Evaluation must go beyond average safety rates, as a model that is 99% normal can still be hijacked on critical topics.

Highlights & Insights¶

The primary value lies in viewing the system prompt through a supply chain security lens. Prompts are more like executable policies than configuration files.
"Conditional poisoning" is more realistic than general jailbreaking. Attackers are more likely to target specific topics (e.g., healthcare, history) quietly.
The dual-objective evaluation reveals risks that single-metric success rates hide.
Tolerable noise represents a "gray zone" where triggers hide amongst natural user errors.
This method is transferable to RAG documents, tool descriptions, and agent policies.

Limitations & Future Work¶

The study focuses on single-turn interactions. Multi-turn scenarios might amplify or expose the attack.
Lack of human perceptibility studies. Whether users can spot abnormal phrasing requires further exploration.
Benchmark Q&A is distant from complex agent scenarios involving tool calls and long context.
Future work should explore behavioral differential testing and system prompt provenance.

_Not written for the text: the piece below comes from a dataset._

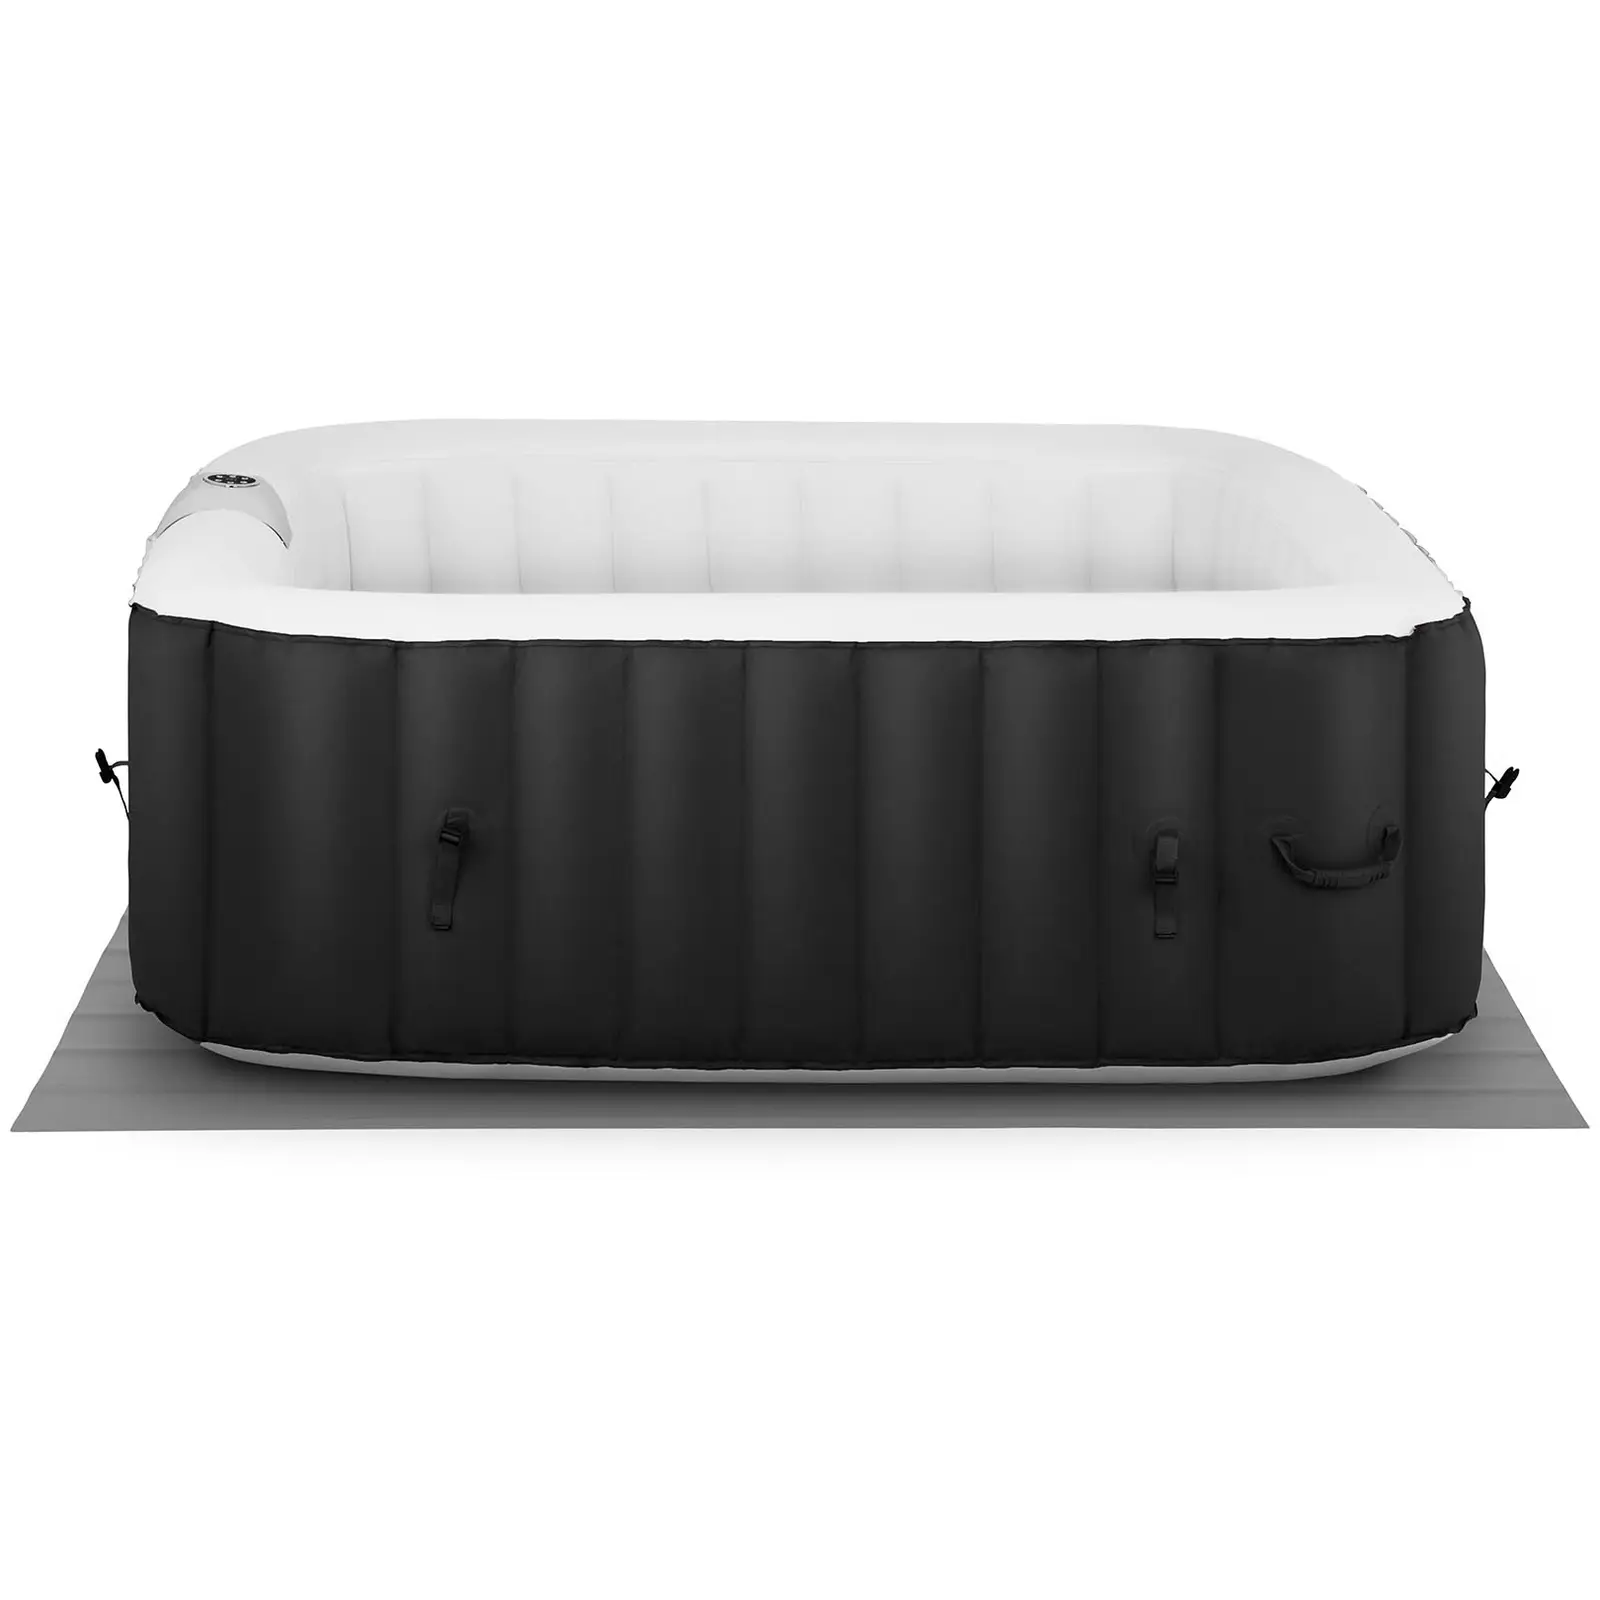 Inflatable Hot Tub - 600 L - 4 people - 100 jets

vs GCG / AutoDAN: These optimize user suffixes to break safety boundaries; PARASITE optimizes system prompts for stability and conditional hijacking.
vs ECLIPSE: ECLIPSE generates visible gibberish and degrades overall performance; PARASITE maintains readability and selective gaps.
vs Backdoors / Sleeper Agents: PARASITE requires no weight access or data control, lowering the deployment barrier.
Defense Insight: Safety cannot rely on static text audits; behavioral testing with high-risk probes is necessary for third-party prompts.

Rating¶

Novelty: ⭐⭐⭐⭐⭐ Clear definition of conditional poisoning in the prompt supply chain.
Experimental Thoroughness: ⭐⭐⭐⭐ Covers various models and defenses, though multi-turn and human studies are pending.
Writing Quality: ⭐⭐⭐⭐ Logic and threat modeling are well-articulated.
Value: ⭐⭐⭐⭐⭐ Significant warnings for prompt marketplaces and agent developers.